_Exercise directions_:
The required output is the exact run of lines below that opens at the line with "RUIY Yoga Leggings" and closes at the line with "Black Divination Tarot".

_Exercise data_:
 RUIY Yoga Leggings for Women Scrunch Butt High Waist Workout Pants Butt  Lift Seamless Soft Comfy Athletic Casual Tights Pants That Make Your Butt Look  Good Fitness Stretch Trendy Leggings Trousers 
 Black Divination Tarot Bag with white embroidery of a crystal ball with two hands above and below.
==
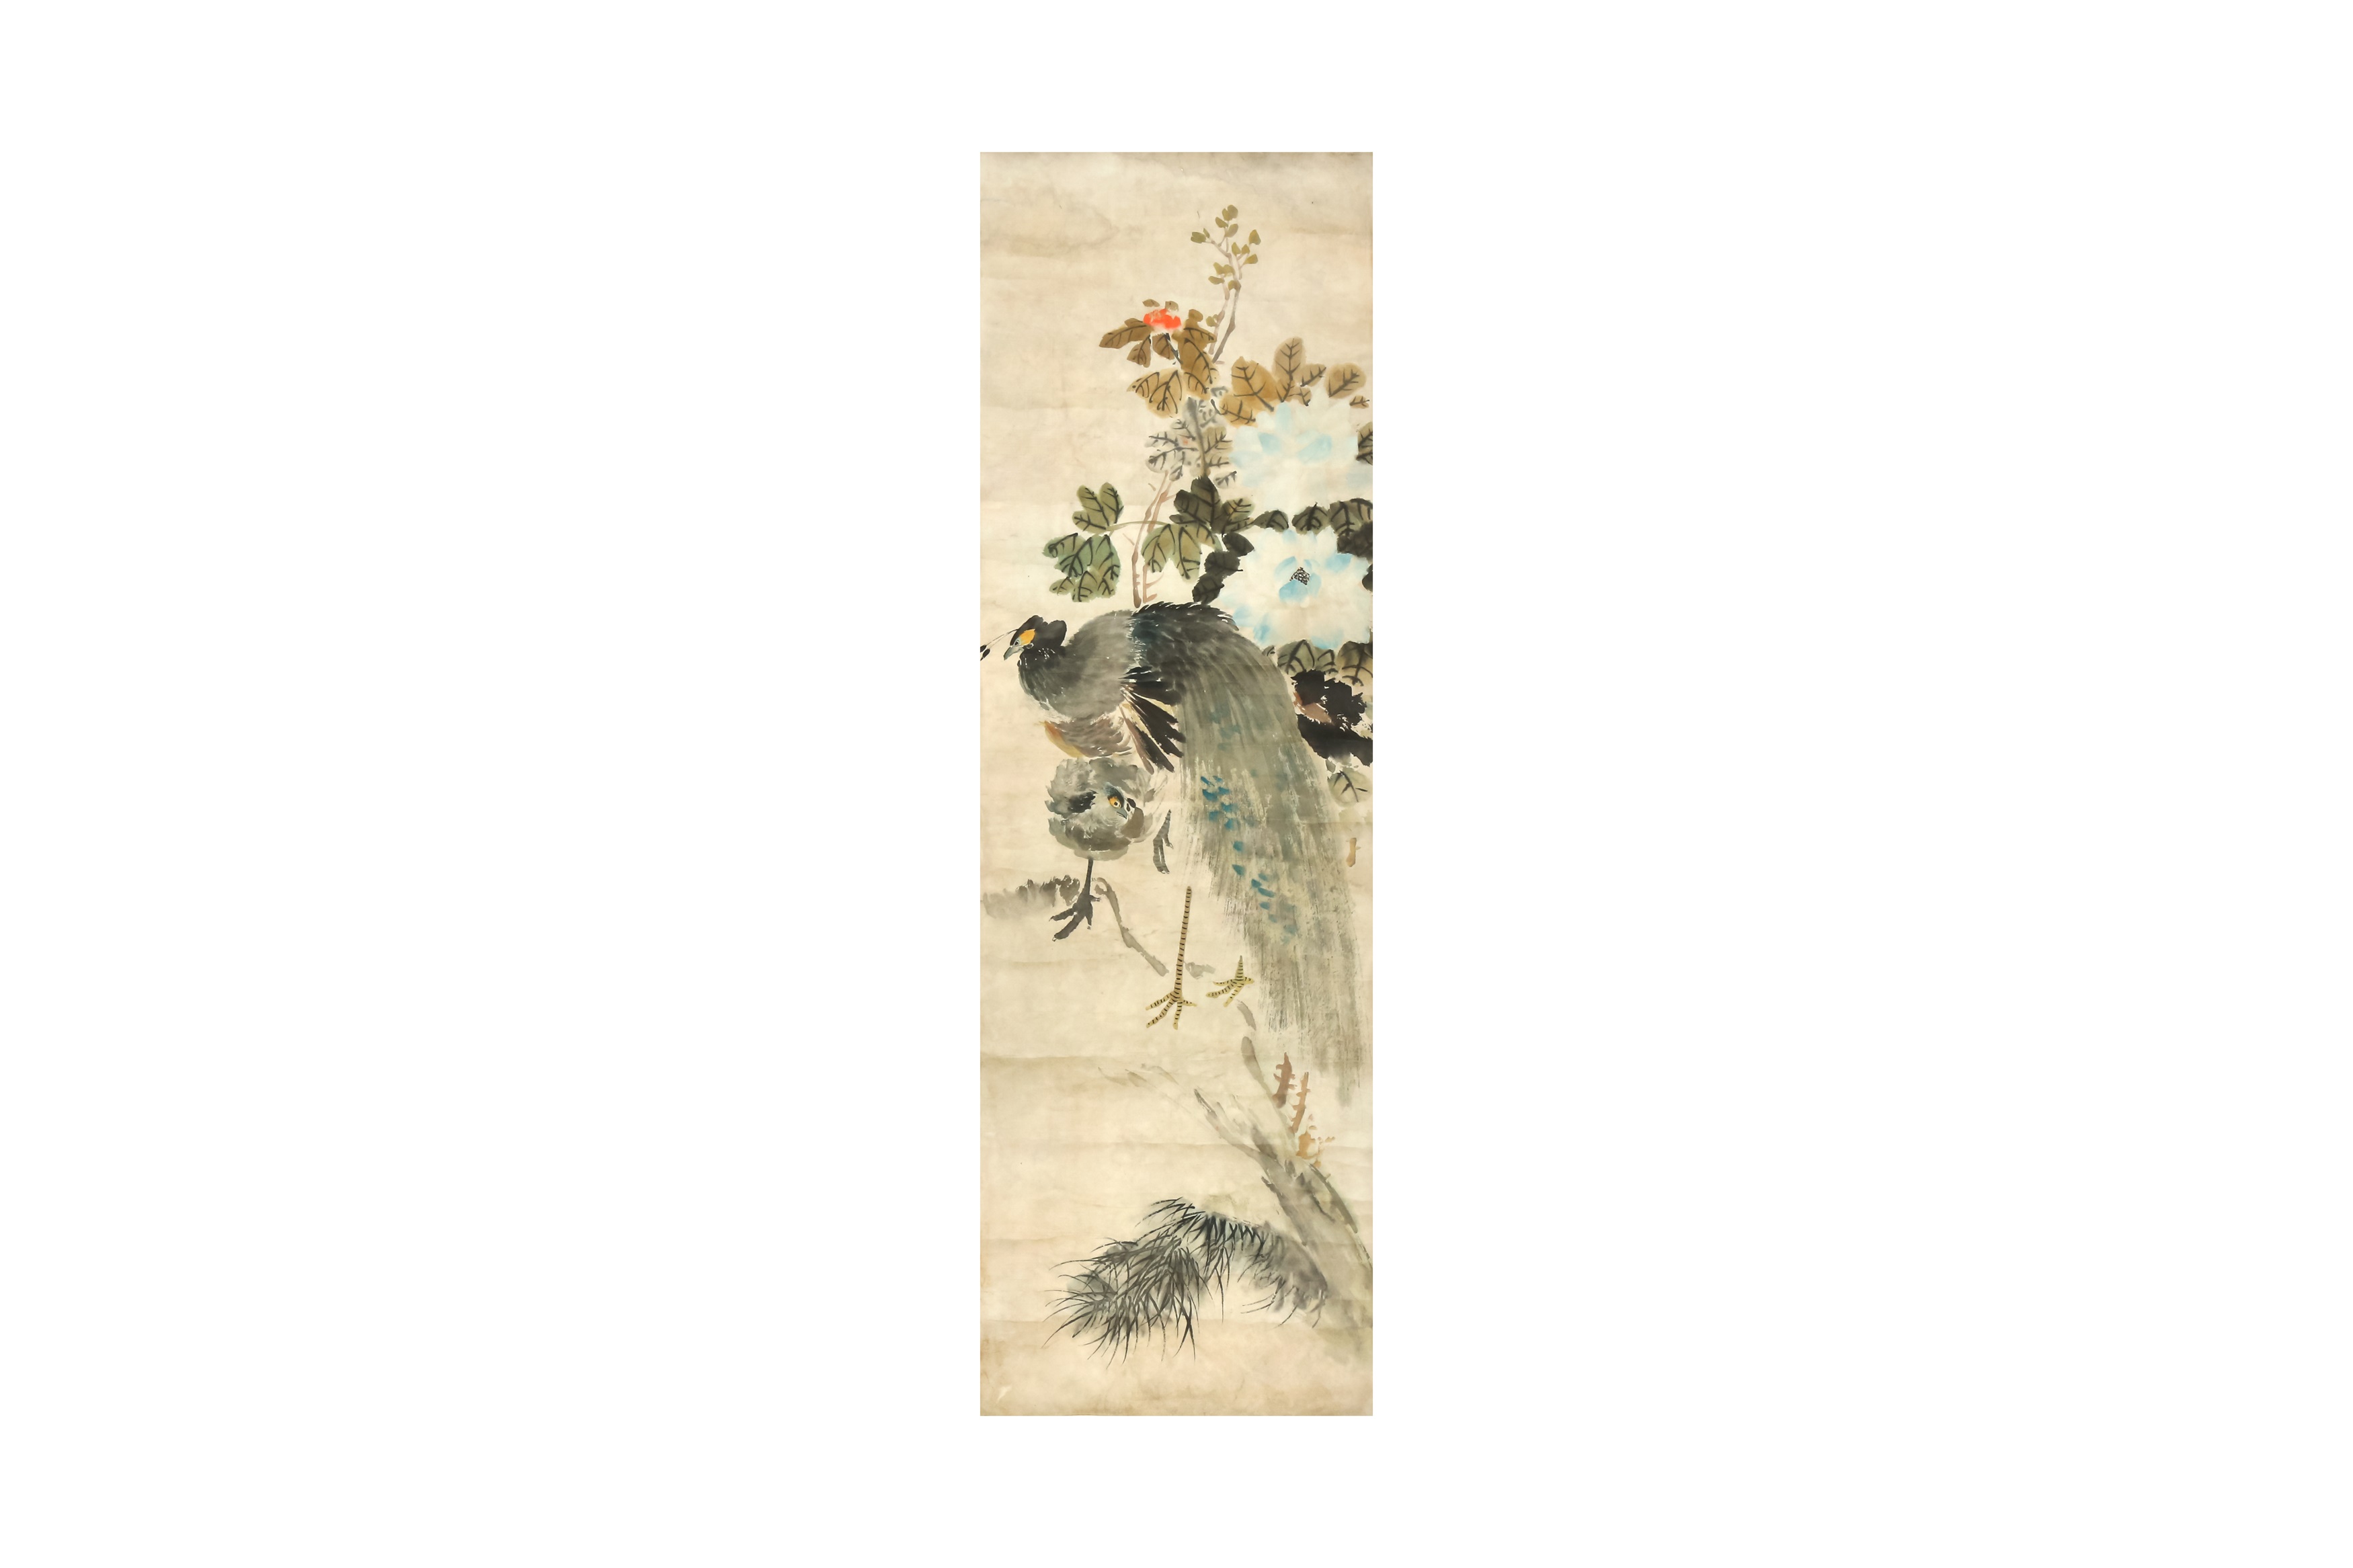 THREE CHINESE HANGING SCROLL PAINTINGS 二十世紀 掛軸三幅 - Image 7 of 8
...
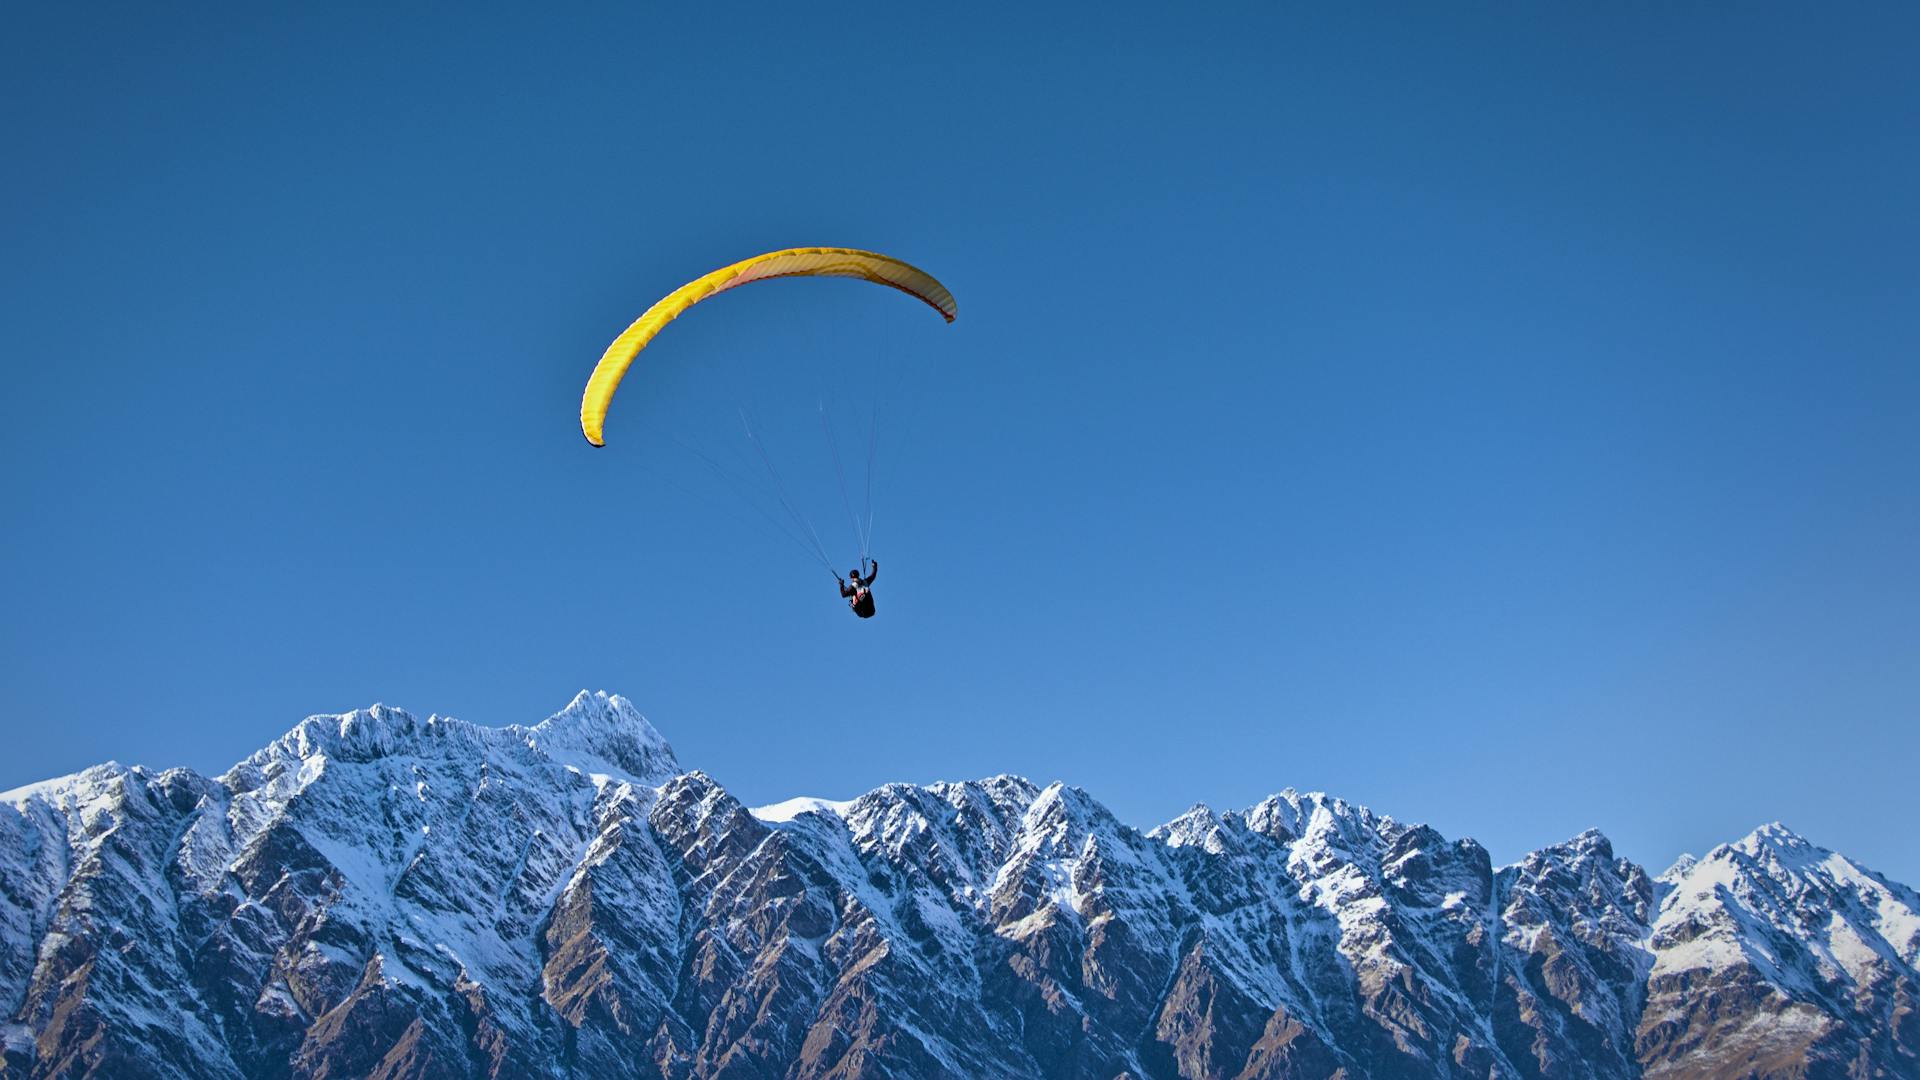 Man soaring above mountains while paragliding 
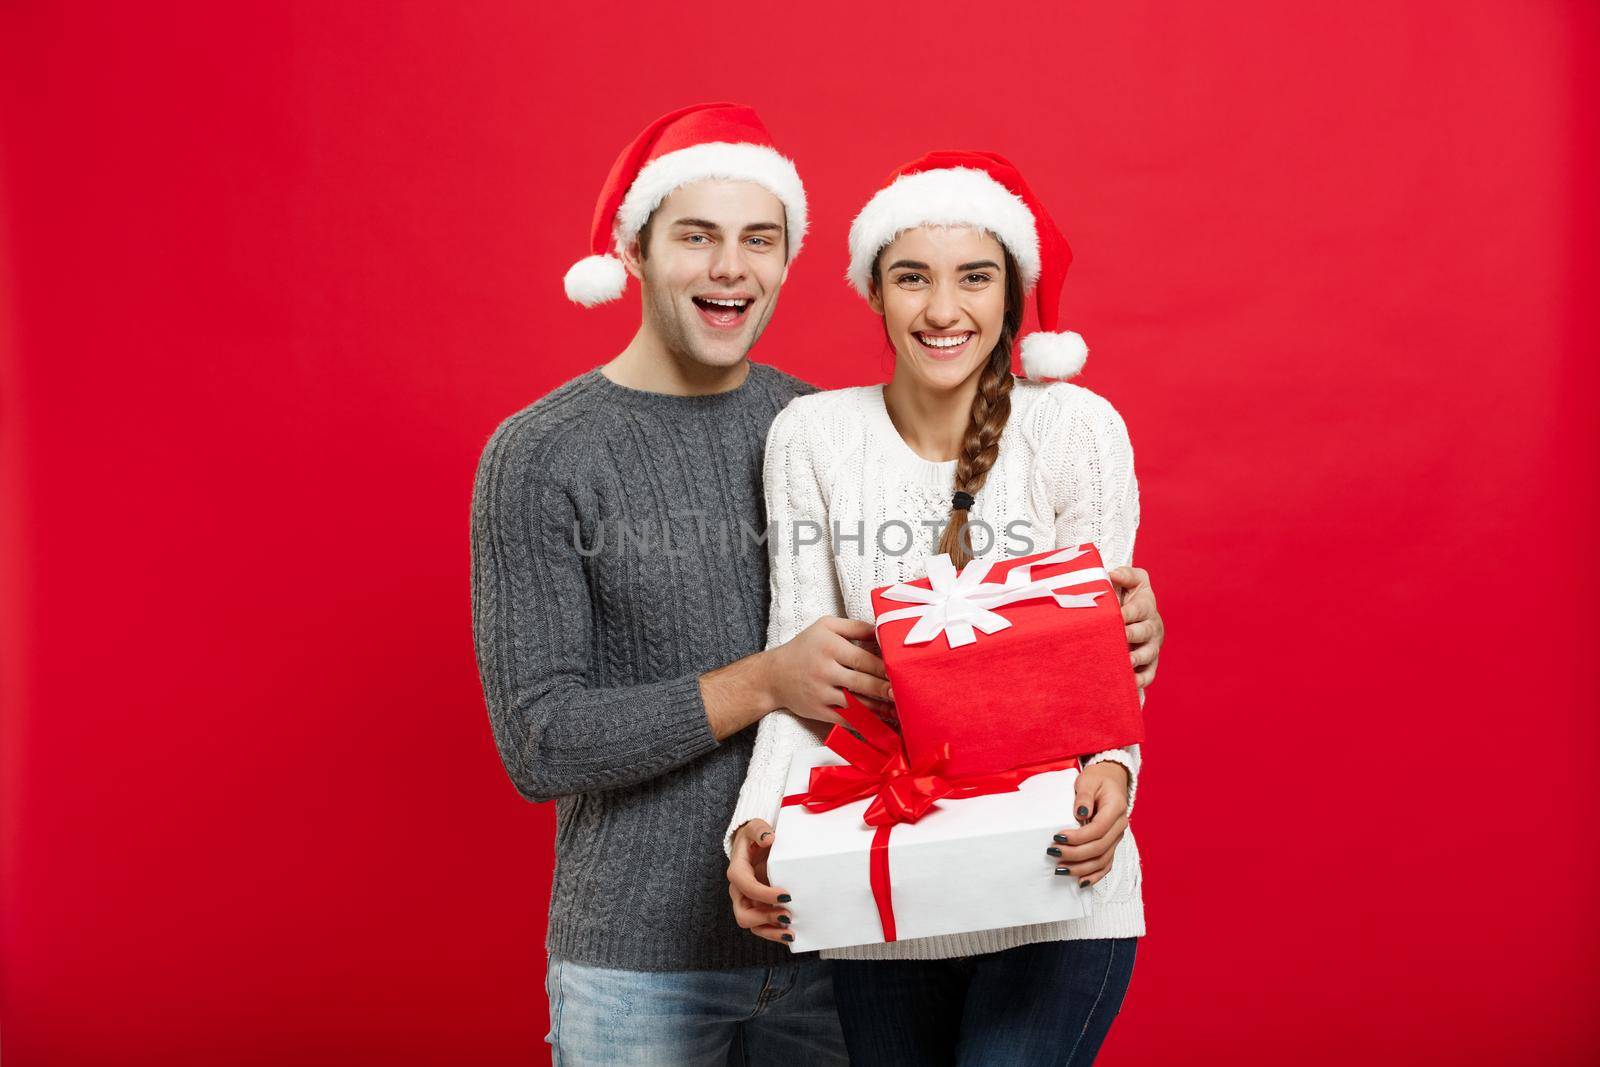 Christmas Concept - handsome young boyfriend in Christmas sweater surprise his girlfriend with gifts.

_Response area_:
 RUIY Yoga Leggings for Women Scrunch Butt High Waist Workout Pants Butt  Lift Seamless Soft Comfy Athletic Casual Tights Pants That Make Your Butt Look  Good Fitness Stretch Trendy Leggings Trousers 
 Black Divination Tarot Bag with white embroidery of a crystal ball with two hands above and below.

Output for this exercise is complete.